Devra-t-on conclure des observations précédentes relatives au contact des races diverses que, pour obtenir un Phidias, il convient de mettre en rapports intellectuels quelques Aryans et un Sémite, sous une certaine latitude? que les arts se forment comme les compositions chimiques, d'après une formule et un peu de chaleur ou un courant électrique? Non; mais dans l'étude historique des arts, comme dans celle de la philosophie, des mouvements de l'esprit humain,--et les arts ne sont autre chose qu'une éclosion intellectuelle,--il est nécessaire de bien connaître et de constater les conditions favorables ou défavorables à cette éclosion, par conséquent de signaler les courants, leurs mélanges et les produits successifs de ces mélanges.

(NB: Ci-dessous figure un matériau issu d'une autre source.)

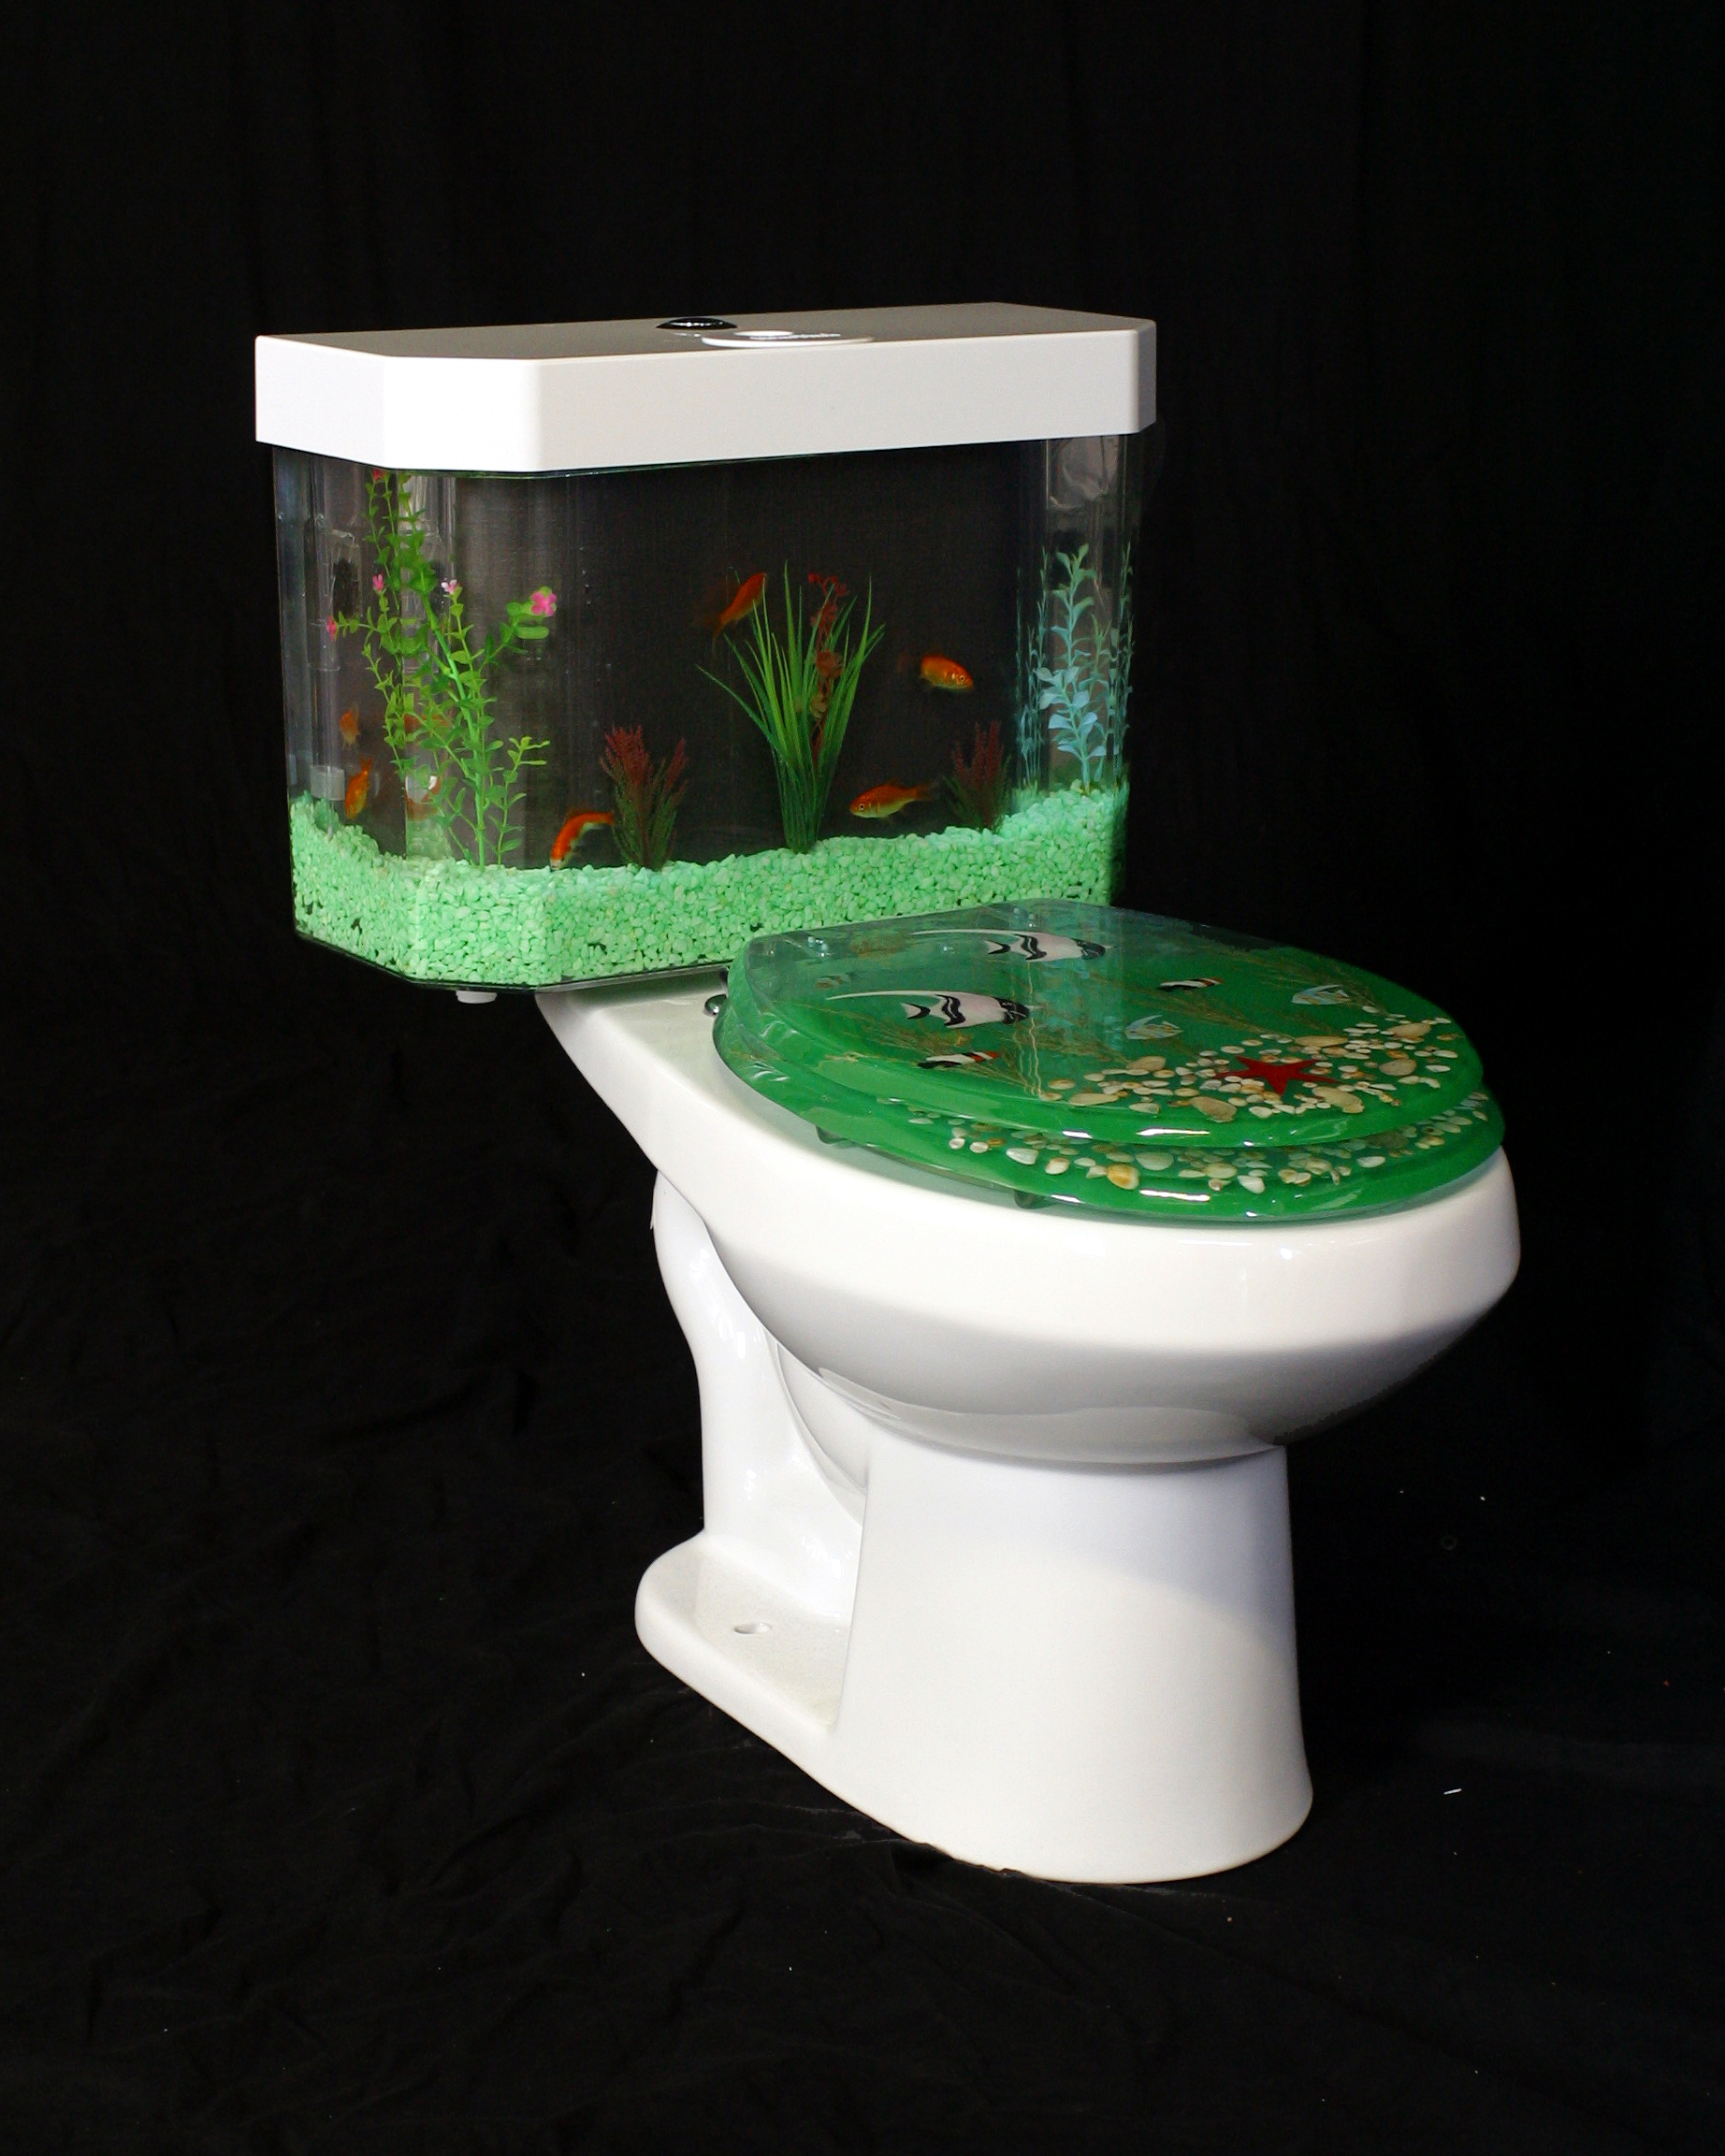 Designer acrylic toilet seats

On s'est un peu trop habitué, peut-être, à traiter les questions d'art d'après ce qu'on appelle le sentiment; influence mobile comme la mode, fugitive, et qui a le grand inconvénient d'éloigner l'artiste de la recherche des causes, des origines, de l'idée philosophique sans laquelle l'art n'est qu'un métier ou l'emploi d'une recette.
Le sentiment, admettant qu'il faille compter avec lui, a besoin d'un point d'appui; où le trouvera-t-il, si ce n'est dans l'analyse, le raisonnement, l'observation et le savoir? Jugeons les choses d'art avec notre sentiment, si l'on veut, mais élevons notre sentiment, ou plutôt notre faculté de sentir, à la hauteur d'une science, si nous prétendons faire accepter nos jugements par le public impartial. D'ailleurs, n'en est-il pas un peu du sentiment comme de la foi, qui accepte, mais ne crée pas. À la raison humaine seule est réservée la faculté de créer; c'est la raison qui conduit à l'art par la recherche et le triage d'où ressort la définition et la conscience du beau et du bon; c'est la raison qui conduit à la philosophie par les mêmes procédés. On n'a jamais fait de philosophie passable avec ce que nous appelons le sentiment. Les Grecs, qui s'y connaissaient un peu, n'ont jamais cru que le sentiment seul pût guider, soit dans la pratique des arts, soit dans les jugements que l'on peut porter sur leurs productions. «Toutes choses étaient ensemble; l'intelligence les divisa et les arrangea», dit Anaxagore 61. Si la foi et le sentiment font des miracles, ce n'est pas de cette façon. La foi fait mouvoir les montagnes peut-être, mais elle ne sait ni ne s'enquiert de quoi les montagnes sont faites, ni pourquoi elles sont montagnes. Si elle le savait, elle se garderait de les déranger de leur place.
Qu'est-ce, dans les arts, que le sentiment des choses, sans la connaissance des choses?
Ce serait trop sortir de notre sujet que de nous étendre plus longtemps sur ces influences qui ont dirigé les arts de l'antiquité, soit dans la voie hiératique, soit dans la recherche du mieux. Il nous suffit d'indiquer quelques-uns de ces courants, avant de présenter le tableau de l'art de la statuaire pendant le moyen âge, tableau à peine entrevu, bien qu'il se développe chaque jour devant nos yeux.